12 Times When a Landlord Can Sue a Tenant

By | February 23, 2021

There are plenty of tenant problems that can be resolved without litigation. That said, there are some circumstances where difficult tenants simply won’t take responsibility without the threat of a court date. Landlords who feel their tenants are exploiting the situation can read on to find out about 12 of the most common reasons to sue for damages.

1. Unpaid Rent

Landlords in Victoria rely on tenants’ rent to pay their own bills, so when one or more of them refuses to pay on time, it can cause some serious headaches. Before taking the tenant to court, most landlords try sending a formal notice to pay the back rent. If that doesn’t work, landlords can evict their tenants and sue them for what they owe. Even the threat of eviction is usually enough to get tenants to pay up.

2. Lost Rent From Illegal Move-Outs

Tenants are required to pay the rent until their leases are up. If they move out before the lease expires, it’s considered a breach of contract. Landlords can take them to court to recover any rent owed for the time remaining on the lease if they are unable to find a new renter. Just keep in mind that, in Texas, landlords must make good-faith efforts to re-rent should a tenant want to break the lease.

3. Cost of Finding a New Tenant After a Move Out

In some cases, landlords can sue former tenants for the costs incurred to find a new tenant after an illegal move-out. Damages can include utilities, marketing costs, and more.

4. Unpaid Utility Bills

If a tenant vacates the property, either illegally or when the lease runs out, he or she is responsible for paying any outstanding utility bills. As long as the utilities are in the tenant’s name, the landlord can deduct outstanding bills from the security deposit. If it won’t cover the expense, landlords can sue to recover the money to pay off the bills.

5. Property Damage

Landlords can sue their tenants if they cause damage to the property. Most start by deducting the cost of repairs from the tenant’s security deposit. However, if the amount of the security deposit won’t cover the repairs, landlords can also take their tenants to court to get what they are owed.

6. Unapproved Alterations

If tenants want to make alterations to the unit that are not specifically addressed in the lease agreement, they need to seek landlord approval. If a tenant makes changes without approval, the landlord can sue to recover the cost of restoring the unit if the security deposit will not cover the work.

7. Unapproved Pets

Many landlords stipulate no pet policies in their leases for a reason. Dogs, cats, and other household pets can cause a lot of unintended damage. If a tenant has an animal in the unit and is not allowed to under the current lease agreement, the landlord can sue for damages to the property, including the unit and shared spaces, caused by the illegal pet.

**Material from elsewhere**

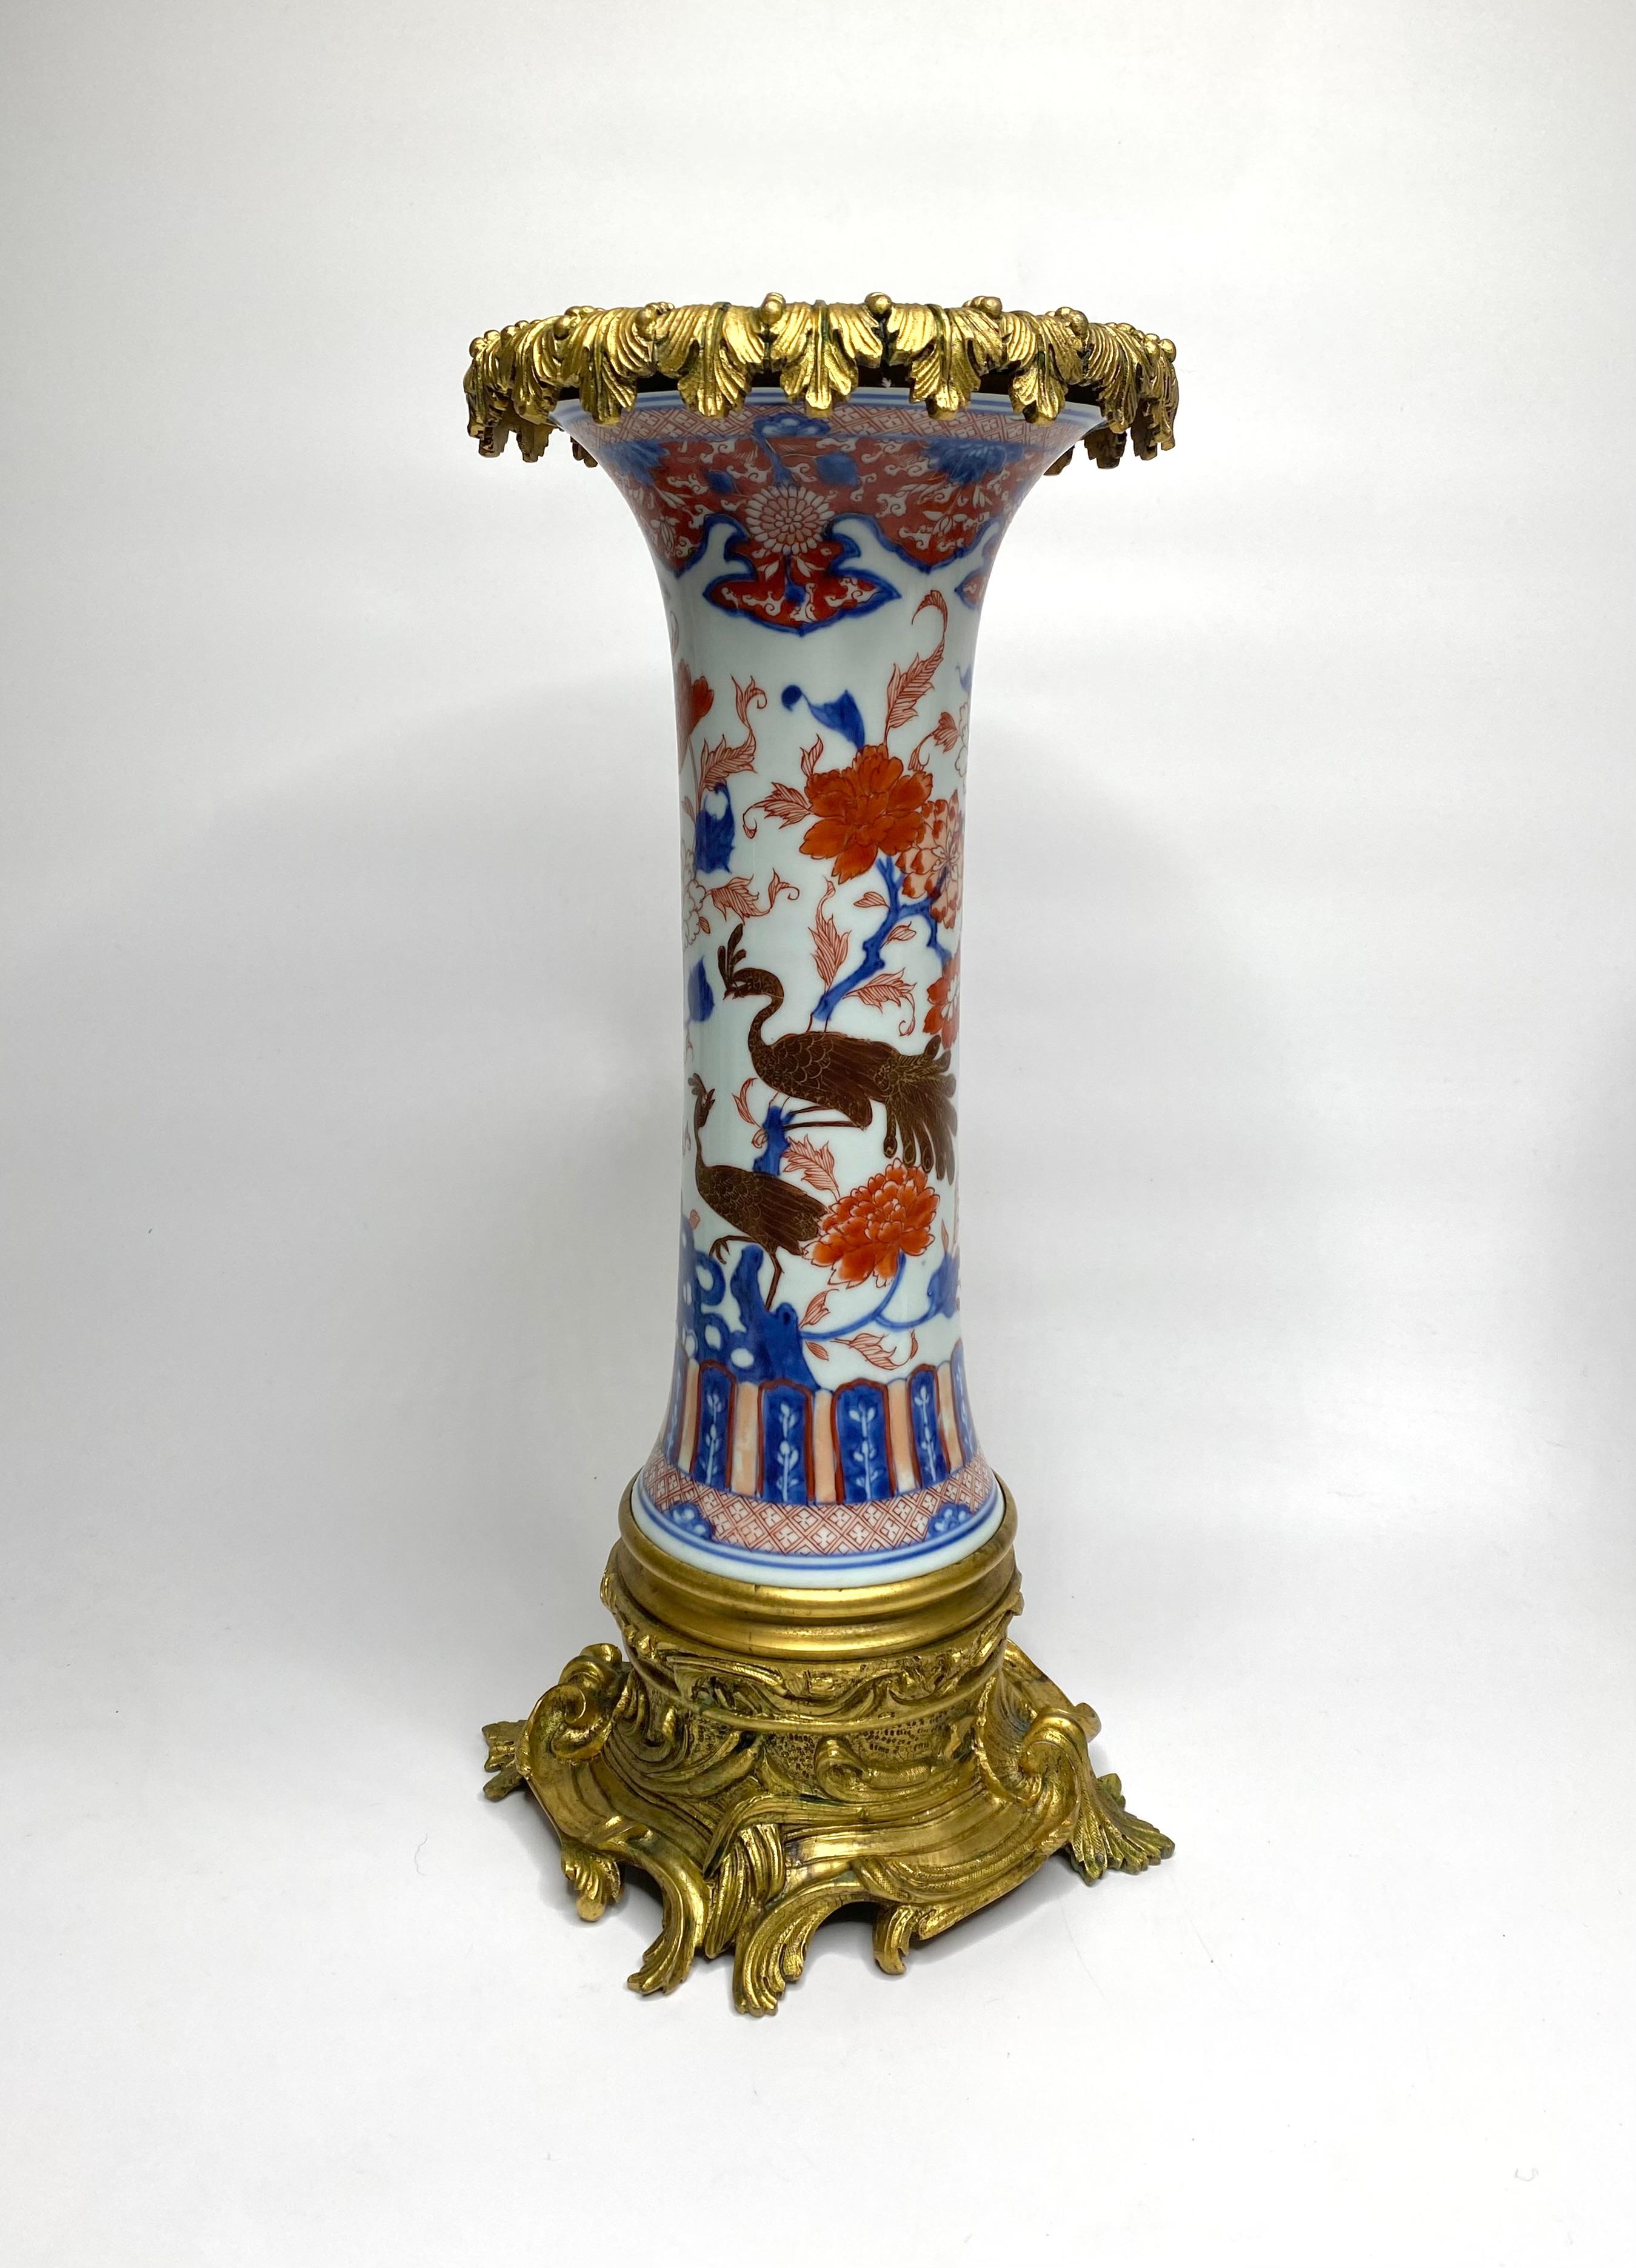 A fine pair of Chinese porcelain vases, c. 1700, Kangxi Period, ormolu mounted. The trumpet shaped vases, hand painted in Imari style, with exotic birds amongst flowering plants, above a continuous lappet and cell net motif. The upper rim painted

8. Illegal Uses of the Property

Tenants may only use their properties in ways that are compatible with their lease agreements and the law. If the tenant uses the unit to conduct any illegal dealings and adversely affects the landlord, he or she can sue to recover damages.

9. Disposing of Abandoned Property

When they move out, tenants are required to remove or dispose of any personal property that was kept or stored in the unit. If a tenant fails to do so, the landlord can sue for the expenses of disposing of the abandoned property. It doesn’t matter whether the tenant has broken his or her lease or moved out on time.

10. Tenant Owes More Than Is Covered by the Security Deposit

The purpose of a security deposit is to give the landlord money to pay for any damage to the unit after the tenant moves out. If the damage can’t be covered in its entirety by the security deposit, or the back rent or utilities owed by the tenant are greater than his or her deposit, the landlord can recover what he or she is owed in small claims court.

11. Counter Suing Over Security Deposits

It’s not uncommon for tenants to sue their landlords over withheld security deposits, even if they know they are in the wrong. Landlords can file countersuits to prove their right to deduct from the security deposit or withhold it in its entirety.

12. Breaches to the Lease Agreement

The lease signed by both the tenant and the landlord before moving in is a legally binding contract. If the tenant has broken any clause of the lease that causes the landlord harm, whether monetary, physical, or emotional, he or she can take that tenant to court to recover damages.

Is It Worth Suing a Tenant?

Let’s face it: going to court is stressful. It can also be quite costly, as legal and court fees add up, and suing a tenant can wind up initiating a countersuit. Some landlords are hesitant to bring suit against their tenants unless they owe significant amounts of money, but that’s often a mistake.

Landlords who win in court won’t just recover the lost rent or cost of repairing property damage that they’re owed. They’ll also get the chance to clear their names and have the case placed on record, which can protect them should former tenants attempt to file frivolous lawsuits in the future.

It’s often the case that just the threat of a lawsuit is enough to get unruly tenants in line. Few people want to face evictions or have their reputations tarnished by a lawsuit. Many tenants opt to settle outside of court after receiving a summons to avoid hassles and damage to their reputation, which works out well for both parties.

Hire a Lawyer

Landlords who have already exhausted their other options don’t have to navigate the complex field of tenant law alone. Instead, hire a lawyer as soon as it becomes clear that the tenant is not going to pay what he or she owes.